# An Outbackers.com 1St!!!!



## wolfwood (Sep 19, 2005)

wolfwood said:


> This has already been posted in the "Acadia Rally" thread but is important enough to warrant it's very own thread, too!!! Besides, I wanted to be sure no one missed it!!!:
> 
> Outbackers.com reached a new high this past week with it's very 1st Re-Comittment ceremony taking place at a Rally!!! Congratulations to Eric & Tina (egregg57)!!!!!
> 
> ...


----------



## rdvholtwood (Sep 18, 2008)

Wow! Congrats Eric and Tina - what a great place to do this!! (So, how many years is it?







)...

Thanks for sharing the photos Wolfie!


----------



## clarkely (Sep 15, 2008)

Was an Awesome time!!

Congrats again Eric and Tina

And how cool having the bagpipes echoing through the campground









We also had a 27th anniversary on the 27th..... Greg and Deb..........







many 1sts and a Great Location!!


----------



## PDX_Doug (Nov 16, 2004)

Very cool!
Congratulations Eric and Tina!









Happy Trails,
Doug


----------



## Joe/GA (Aug 14, 2009)

PDX_Doug said:


> Very cool!
> Congratulations Eric and Tina!
> 
> 
> ...


Congratulations Y'all! That was really cool!

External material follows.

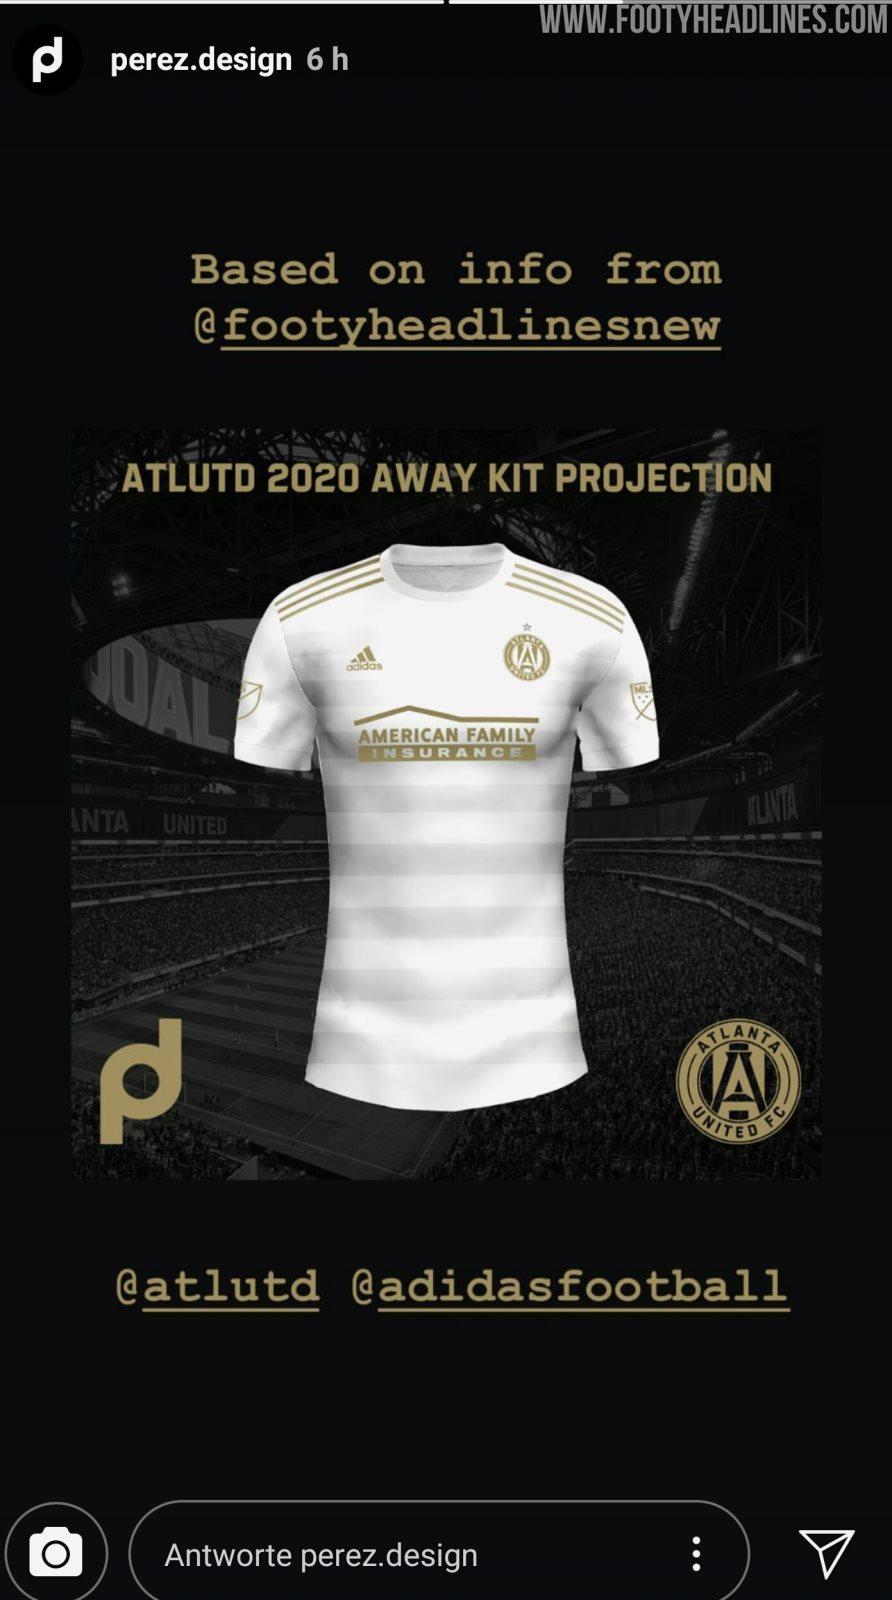 Atlanta United Schedule 2020 LEAKED: Atlanta United 2020 Away Kit Colors, Info & Prediction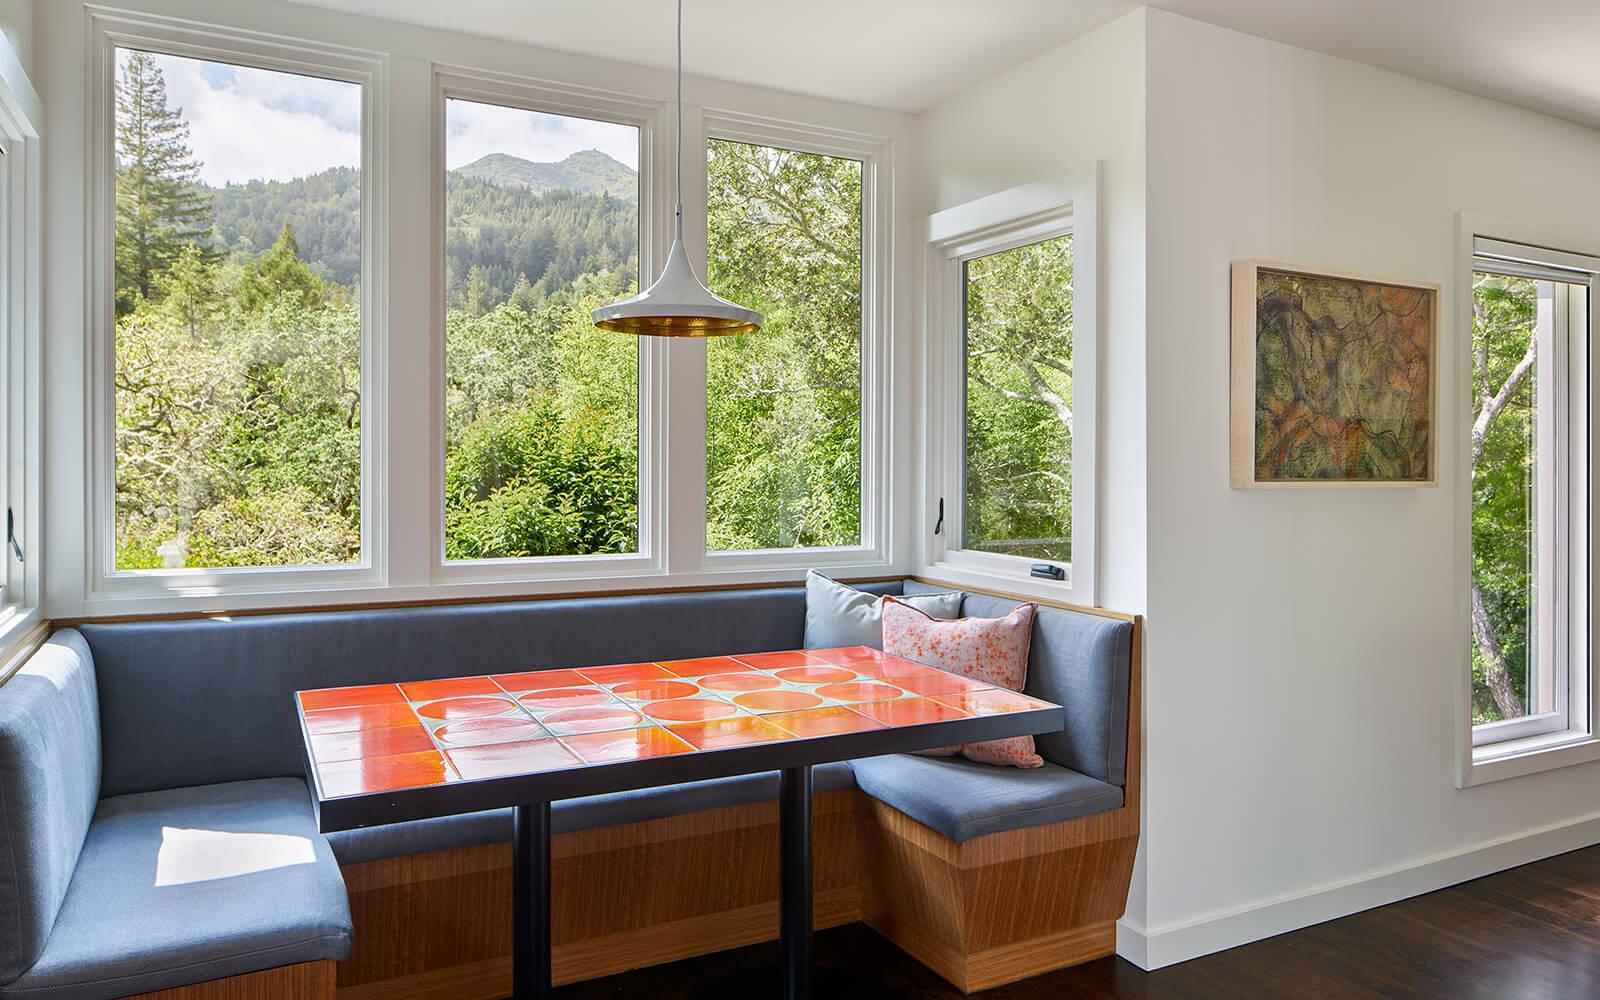 studio vara residential Kentfield dining bench

Tomorrow is our 28th year anniversary.


----------



## CdnOutback (Apr 16, 2010)

Very cool! Congratulations!! Today is our 32nd...


----------



## ember (Jan 17, 2008)

Congrats!! Everyone looked so nice! I have to say the final pic is my favorite! notice Stacie's black flip flops under her Judges robe!!


----------



## egregg57 (Feb 13, 2006)

Thank you ALL!!!


----------